# Breeding bitch minimum age and KC restrictions



## lemmsy (May 12, 2008)

I'll start off by stating that I am not a breeder and have zero interest in breeding dogs. In fact all my current dogs up to now have been rehomes. 

I do have a query though and would be grateful if those with experience knowledge could answer. 

What is the minimum age that breeders should think about breeding their bitch from for the first time?

I ask because one of my rehomes was used for breeding in the past (with her previous owner). She was just over a year old when she was mated (supposedly "accidentally"- I'm very doubtful) to an 9 month old dog. 

The Kennel Club registered the litter since their restrictions state that the dam must be at least a year old at the date of mating. 
They make no suggestion/restriction about the age of the sire. 

I also have a question regarding "safeguarding"... if there is such a word. 
Does the KC have a duty of care in anyway to dogs that are listed as breeding dogs on its scheme. 
My bitch at her time with her previous owner, suffered in my mind a tremendous amount of undue stress (in a multitude of ways... very complicated). 
I realize there was nothing illegal about this activity (just immoral and irresponsible- and still occuring) but just wondered whether the KC ever dealt with that sort of thing?

My girl is with me now and has been spayed so will never be bred from or put through anything like that again (poor love will have found the whole thing very stressful). 

It's just something I've been wondering about?

Does the KC actually have anything in place to stop people who are essentially operating as BYB under bare minimum KC restrictions?

Thanks for reading


----------



## Sleeping_Lion (Mar 19, 2009)

The sad response is no, the KC are not a gauge of ethics, they are a registration company. 
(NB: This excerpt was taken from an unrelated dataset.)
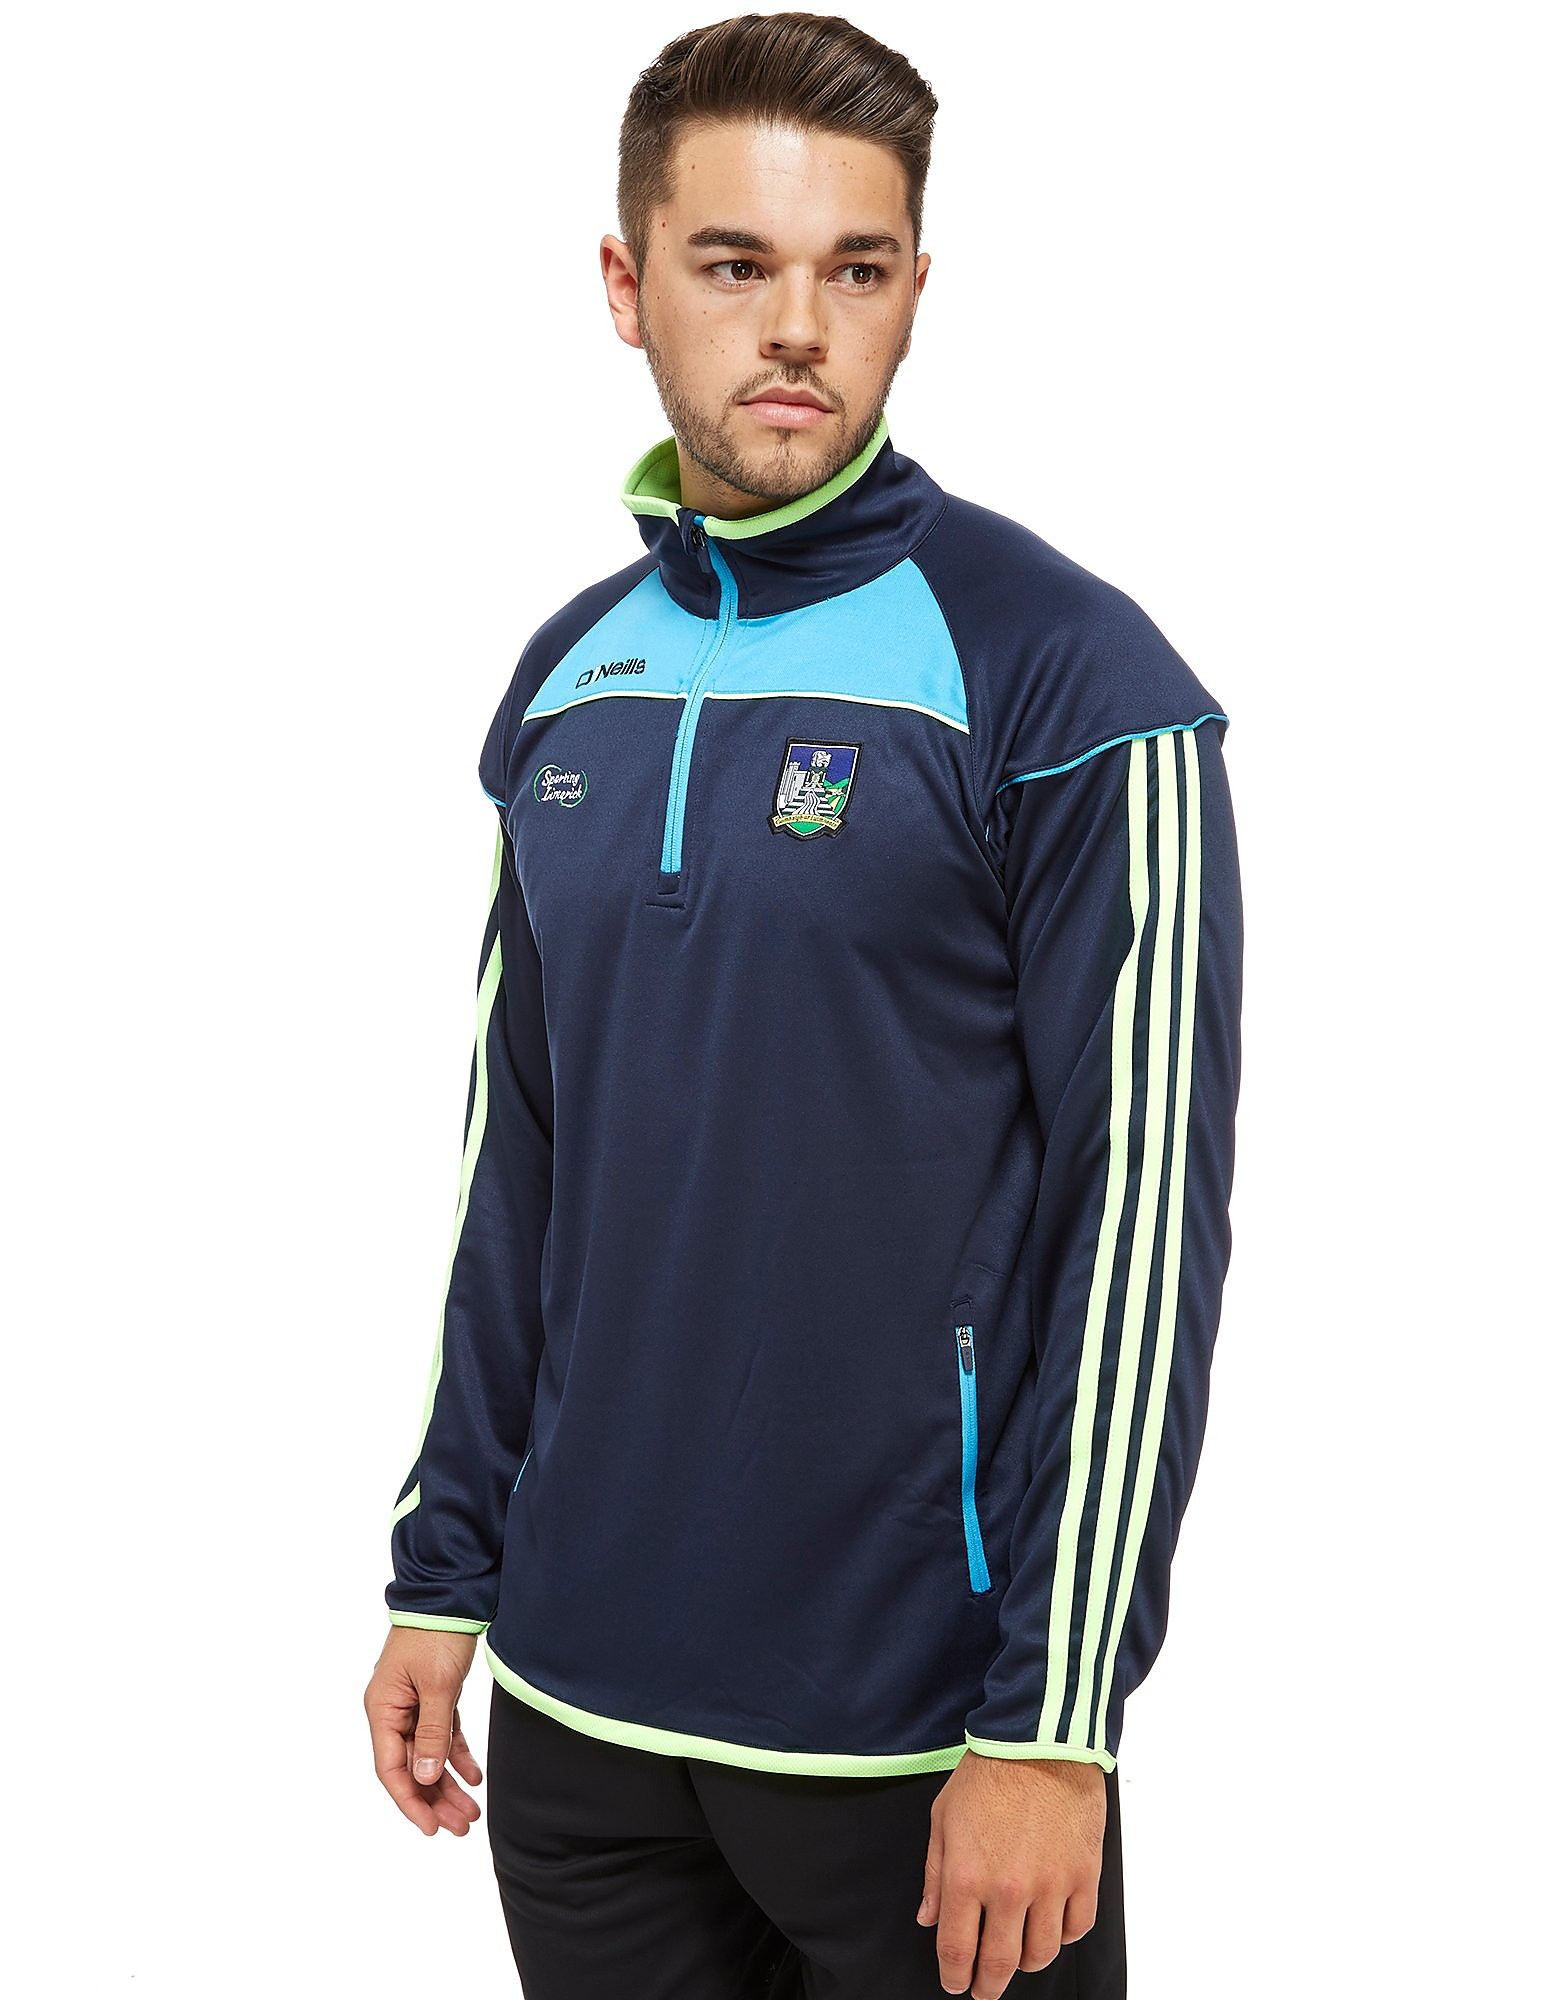 O'Neills Limerick Training Top
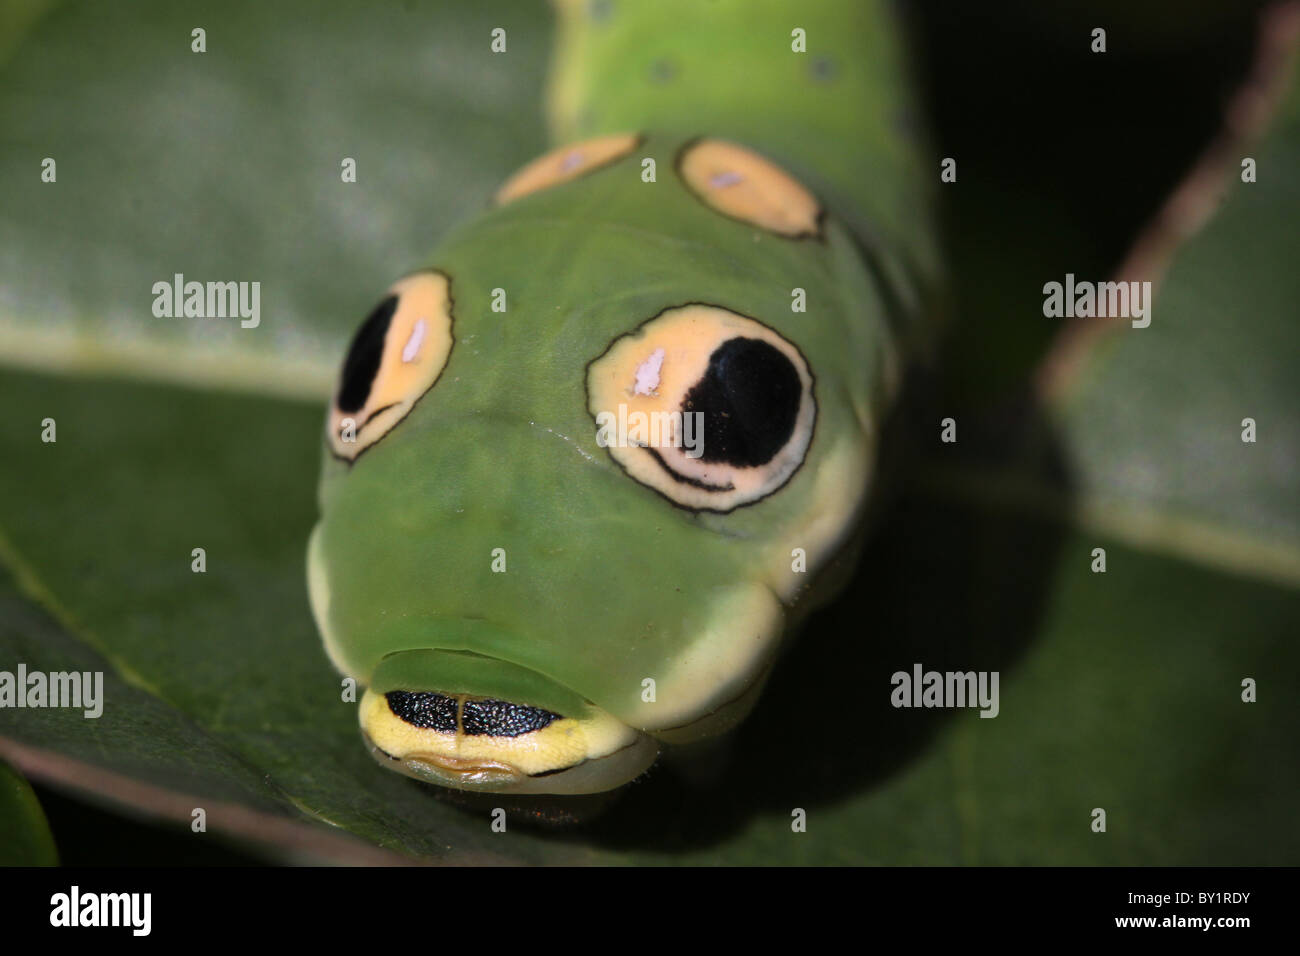 Spicebush Swallowtail caterpillar Snake mimic fake eye spots - Stock Image

For my own girls I would always wait until they are fully mature before health testing. Rhuna will be three this year, I have yet to start her health testing.


----------



## lemmsy (May 12, 2008)

Sleeping_Lion said:


> The sad response is no, the KC are not a gauge of ethics, they are a registration company.
> 
> For my own girls I would always wait until they are fully mature before health testing. Rhuna will be three this year, I have yet to start her health testing.


Thank you for the reply. 

So far I have only had rehomes and rescues and have been feeling particularly disenchanted with the KC after what my poor girl went through.

If ever I was to actually get a puppy from a breeder, it would be an ethical one like yourself, thoroughly researched.

To go from bad to worse we recently discovered that my girl has an inherited condition. 
Although I have never met or dealt with them, I'm doing my very best to trace and contact all the owners of the pups from her litter to make them aware of this (although I have contacted the previous owner I am under no illusions that they will bother to do so).


----------



## Kinjilabs (Apr 15, 2009)

The Kennel club would register anything! as long as people pay


----------



## lemmsy (May 12, 2008)

Kinjilabs said:


> The Kennel club would register anything! as long as people pay


Feared as much


----------



## dandogman (Dec 19, 2011)

2 years is the minimum I would consider.

Pippa will probably be 3 or even 4 before hers though.


----------



## Nicky10 (Jan 11, 2010)

2 years at a minimum except for I think the very tiny toys chis, poms etc. They need to be bred earlier because their pelvises fuse or something. The kc is just a registration body and if the bitch is over a year they'll register it.


----------



## Sleeping_Lion (Mar 19, 2009)

lemmsy said:


> Thank you for the reply.
> 
> So far I have only had rehomes and rescues and have been feeling particularly disenchanted with the KC after what my poor girl went through.
> 
> ...


If she is a pedigree there will be a list of her siblings on myKC with the registration numbers and colours. So you would at least know the number of pups registered, and if you can find a breed specific forum and post the info on there, you may find one or two.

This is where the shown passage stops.